Earlier in this thread, I posted
an essay about "common law marriage" in Canada and the USA.
I have been doing more reading of the historical cases on this topic, and I just came across a case that is particularly interesting for anybody who is interested in highly technical aspects of marriage law.
In the 1912 case of
In re Marriage Laws, [1912] SCR 132,
1912 CanLII 35 (SCC) (summarily affirmed [1912] UKPC 63), the Supreme Court of Canada considered the constitutional validity of a federal statute that purported to legislate something roughly equivalent to the Full Faith and Credit Clause of the US constitution. Specifically, the statute purported to provide that any marriage shall be deemed to be a valid marriage everywhere in Canada, if the marriage was valid in the place where it was entered into.
This statute was challenged on the basis that it was outside the power of the federal parliament because the constitution specifically provides that the provinces have exclusive jurisdiction over the "Solemnization of Marriage".
In response, the promoters of the legislation apparently started by claiming essentially that under the common law of England, marriage was created by consent (not formalities) and any statutes setting out formalities merely provided alternative ways to enter into marriages, not the sole way to do so. Based on that claim, the promoters further argued that since the constitution used the phrase "solemnization of marriage" in describing the powers of the provinces, this language was an intentional choice intended to suggest that the provinces could only regulate
supplemental ways of creating marriages, and that the provinces had no power to override the common law of marriage creation, and (according to the promoters) the only thing that the federal statute did was reiterate the common law position which the provinces had no power to modify. Based on that argument, the federal statute was claimed not to be objectionable.

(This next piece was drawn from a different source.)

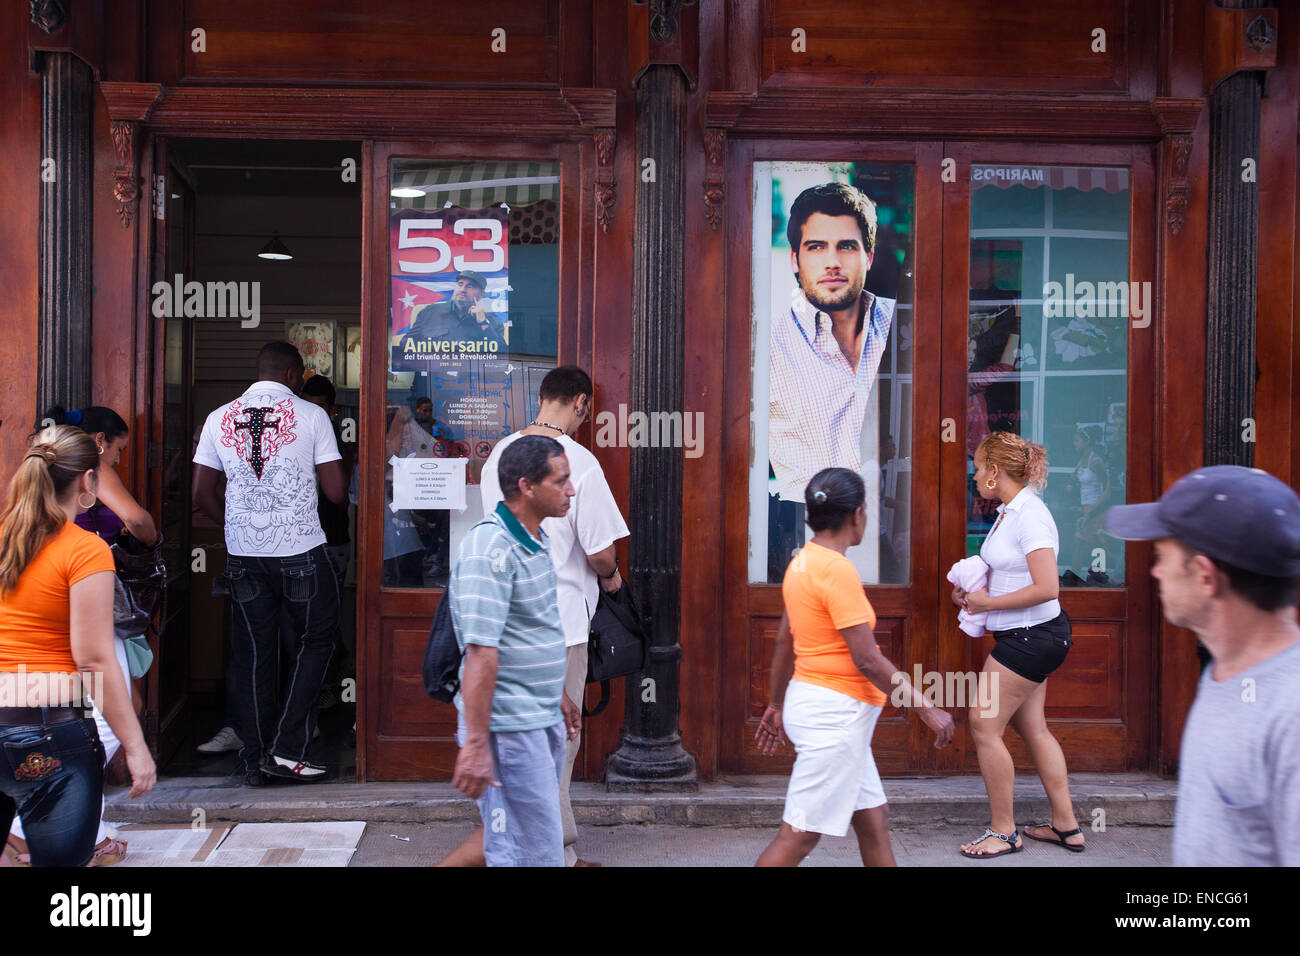 A store front in Havana, Cuba. Stock Photo

The report of the case, linked to above, contains the full argument of the parties. The full report is 98 pages long and many of those pages are devoted to argument over whether "common law marriage" existed or exists in England, Canada, or the US.
By a 4-1 majority, the Court found that the statute was an unconstitutional encroachment on the power of the provinces, and in the course of their separate opinions, the various judges appear to have rejected the idea that "common law marriage" existed either in England or in Canada.